Hay, N. J., Russell, S. J., Tolpin, D., & Shimony, S. E. (2012). Selecting Computations: Theory and Applications. ArXiv Preprint ArXiv:1207.5878v1 [Cs.AI]. Retrieved from http://arxiv.org/abs/1207.5879

Summary

This paper is quite related to Guez et al., Browne et al., and Bertuccelli et al.. Here, Hay et al. suggest that to optimally make use of information earned when exploring a state/action space, a metalevel decision problem needs to be solved:

Exploring unpromising or highly predictable paths to great depth is often wasteful; for a given amount of exploration, decision quality can be improved by directing exploration towards those actions sequences whose outcomes are helpful in selecting a good move. Thus, the metalevel decision problem is to choose what future action sequences to explore (or, more generally, what deliberative computations to do), while the object-level decision problem is to choose an action to execute in the real world. (pg. 1)

They show that the UCB1 or UCT bounds (used in bandit problems and MCTS) are suboptimal for the metalevel decision problem. The difference, they say, is that in bandit problems, the decision is relative to a utility you get in the real world, but in metalevel problems, the decision is relative to a cost of computation of simulations rather than real-world actions.

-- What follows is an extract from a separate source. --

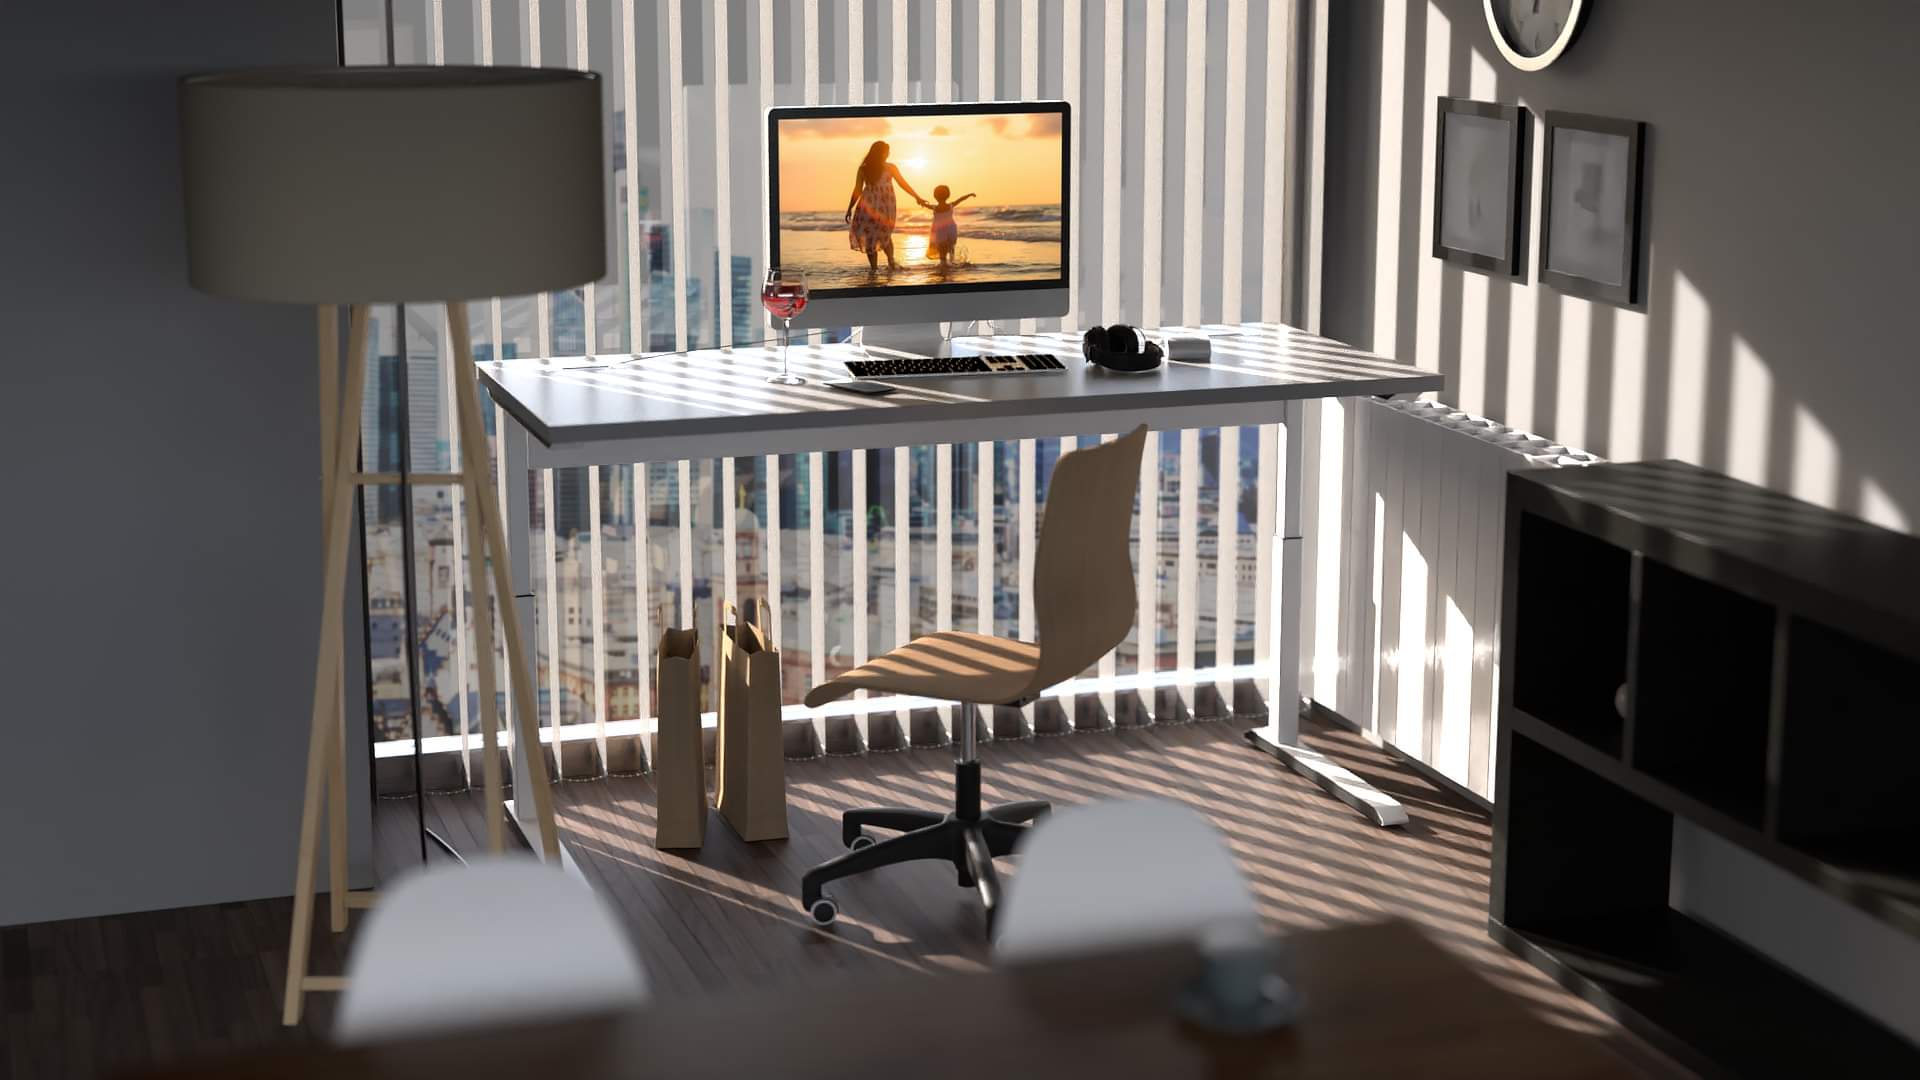 Fotorealistisches Innenarchitur Rendering einer Home Office Szene mit iMAC auf einem Höhenverstellaren Schreibtisch mit Weinglas und Büroprodukten.

In some cases, the prior distribution of real-world outcomes is known and can be used in the simulations. However, in many other cases, the prior distribution on utilities is not available. Instead, the VOI (value of information) can be used as a way of determining what actions are good to take. These VOIs cannot be computed exactly, but under a few assumptions (myopic policy, samples are iid, expectation of a selection is equal to the sample mean, the distribution is bounded on both sides), they can be bounded from above. Hay et al. prove this bound, and show how it can be applied to MCTS: for root node sampling, rather than following the UCT policy, they use the VOI policy.

Methods

n/a

Algorithm

A metalevel decision process is denoted $M=(S,s_0,A_s,T,R)$, where $S$ are the states, $s_0$ is the intitial state, $A_s$ is the set of actions which includes simulated actions $E\in\mathcal{E}$ as well as the “stop” action $\perp$, $T$ is the transition function, and $R$ is the reward function, such that:

$\begin{align*} T(s,E,s^\prime)&=p(E=e\ \vert\ E_1=e_1,\ldots{},E_n=e_n)\\ T(s,\perp,\perp)&=1\\ R(s,E,s^\prime)&=-c\\ R(s,\perp,\perp)&=\max_i\mu_i(s) \end{align*}$

where $\mu_i(s)=\mathbb{E}[U_i\ \vert\ E_1=e_1,\ldots{},E_n=e_n]$. The value function of a policy $\pi$ for this MDP is:

$V_M^\pi(s)=\mathbb{E}_M^\pi[-cN+\max_i\mu_i(S_N)\ \vert\ S_0=s]$

where $N$ is the total number of computations performed. The expected number of computations is:

$E^{\pi^*}[N\ \vert\ S_0=s]\leq \frac{1}{c}\left(\mathbb{E}[\max_i U_i\ \vert\ S_0=s]-\max_i\mu_i(s)\right)$

Takeaways

It would be interesting to see how this integrates with the Bayes-adaptive MCTS from Guez et al.. There, not only do they run simulations starting from the root node, they also resample the MDP from the prior distribution. So, I’m not sure whether the VOI approach here would still hold in that case. In general though, I do think it is important to take the metalevel decision making problem into account, so this is a really interesting direction to pursue particularly in the context of human reasoning (where our brains almost certainly need to make tradeoffs between doing more computation and acting).